I started my investment career by reading every investing article I could find, talking to others and writing software to determine the best property to buy. I decided a C (D?) Class multifamily property was the best option based on my research. Here’s why:

  • The cost per door was relatively low.
  • The (paper) cash flow was excellent.
  • If one unit were empty, I would still have enough rent from the other three to cover my mortgage.
  • The property price was within my price range.
  • It was close enough to where I lived so I could do most of the work.
  • The rent for two units was city-subsidized, so I thought the income from these would be guaranteed.

So, with a friend, I bought my first property.

How Did It Go?

It was a nightmare. I made the mistake of buying a property assuming the tenants would perform. They did not. I soon learned:

  • The city guaranteed a portion of the rent (about 80%), but the tenant never paid their 20%. I talked to an experienced investor, and he told me this was common for most subsidized tenants. He suggested I was better off keeping the nonperforming tenants than evicting them because the replacement tenants would likely behave the same way.
  • The tenants live cash-based lives. They were paid every Friday, cashed their checks, and partied. They regularly said they didn’t have the money to pay rent. From talking to experienced investors, I learned this is common with cash-based tenants. Evicting them would take money and time, and the next tenants would likely be no better. So, this was not an option.
  • I discovered that the previous owner offered a significant discount if the rent was paid in cash. So on Saturday mornings, I went door to door, collecting the rent and offering a similar discount. The area was not safe, and I was always concerned about being robbed.
  • Almost every other month, a tenant skipped out. After they left, the condition of these units was bad, and it took significant time and money to make them rentable. The tenants had no concerns about damaging the units because there would be no way to collect even if I got a judgment against them.

I learned that no matter how inexpensive or good a property looks on paper, as a landlord, you depend on the tenant’s performance. So, the property type does not matter; what matters is having reliable tenants: someone who stays many years, pays the rent on schedule, and takes good care of the property.

What My Research Revealed

When I started our investor services business in 2005, I spent most of my time researching tenant segments for the first few months. Based on my research, I located several subdivisions where the average tenant stay was over five years. I then determined the common characteristics of these properties.

However, as an engineer, I needed to validate my research results, since my future business would rely on tenant performance. To confirm my findings, I asked several property managers this question: “If your goal was to have tenants who stayed for many years, paid rent on time, and took care of the property, what properties would you buy?” 

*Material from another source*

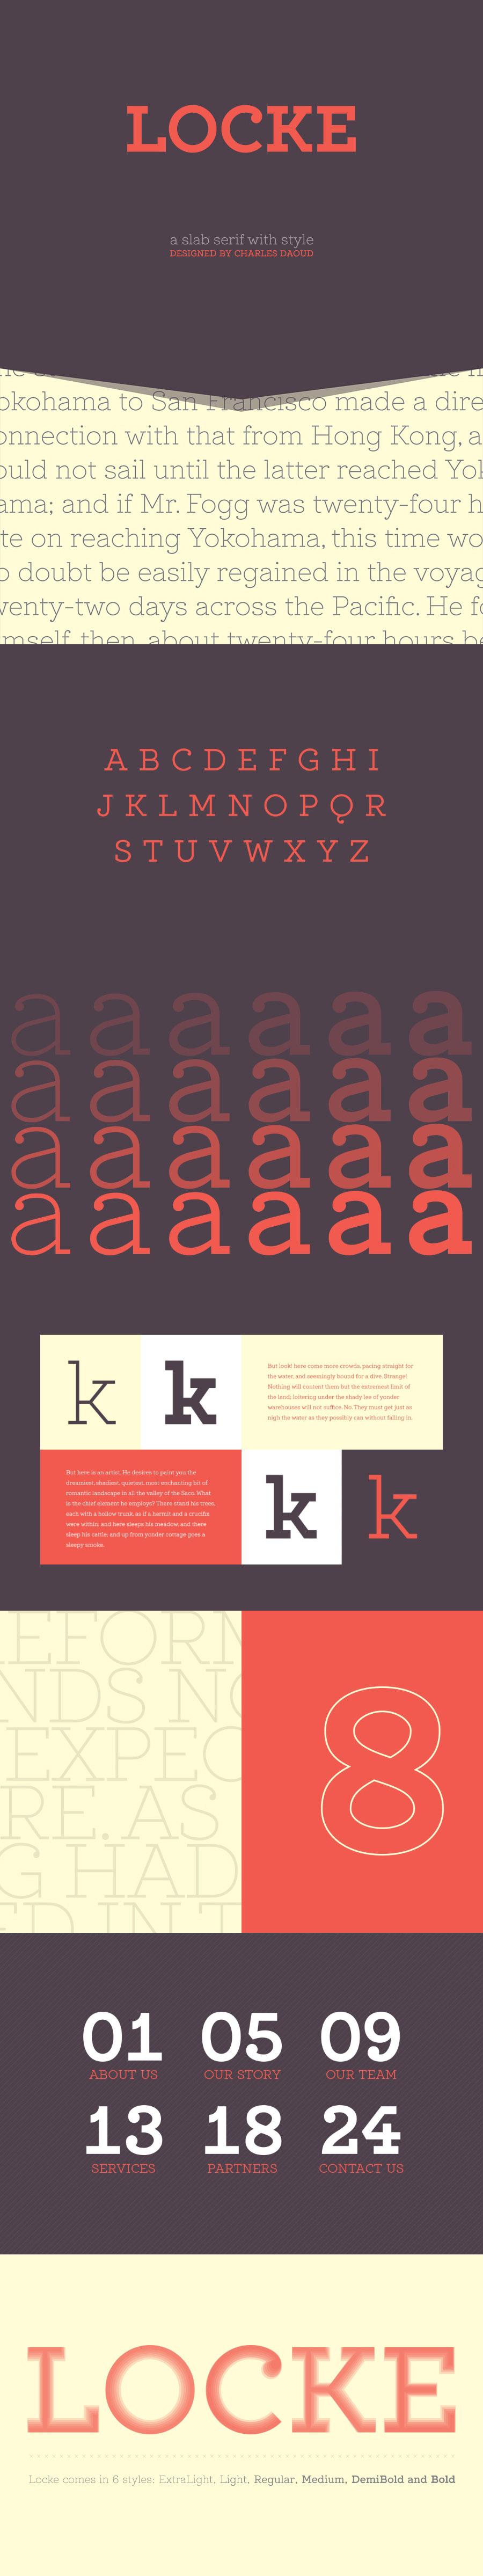 Locke typeface

Most property managers directed me to the same types of properties as my research. I was confident I had the right segment.

The tenant defines the property to buy

Over the years, we’ve studied our target tenant demographic: families with elementary school-aged children and a gross household income (today) between $60,000 and $85,000 per year.

A general description of the properties that attract this segment is:

  • Type: Single-family
  • Configuration: Two-plus bedrooms, two-plus baths, two-plus car garage, 1,100 to 2,400 SF, one or two stories, lot size 3,000 SF to 6,000 SF.
  • Rent range: $1,900/month to $2,400/month
  • Location: The map shows the general areas.
Capture

Our shift from a property-focused search to searching for properties that match the housing requirements of our target tenant segment has worked extremely well. Our average tenant stay is over five years; we’ve had seven evictions in 16-plus years.

Lesson Learned

If your goal is financial independence, the property type is not relevant. What matters is the tenant who occupies the property. So, find a tenant segment with a high concentration of reliable people, determine what and where they rent today, and buy similar properties. Forget about guru dogma.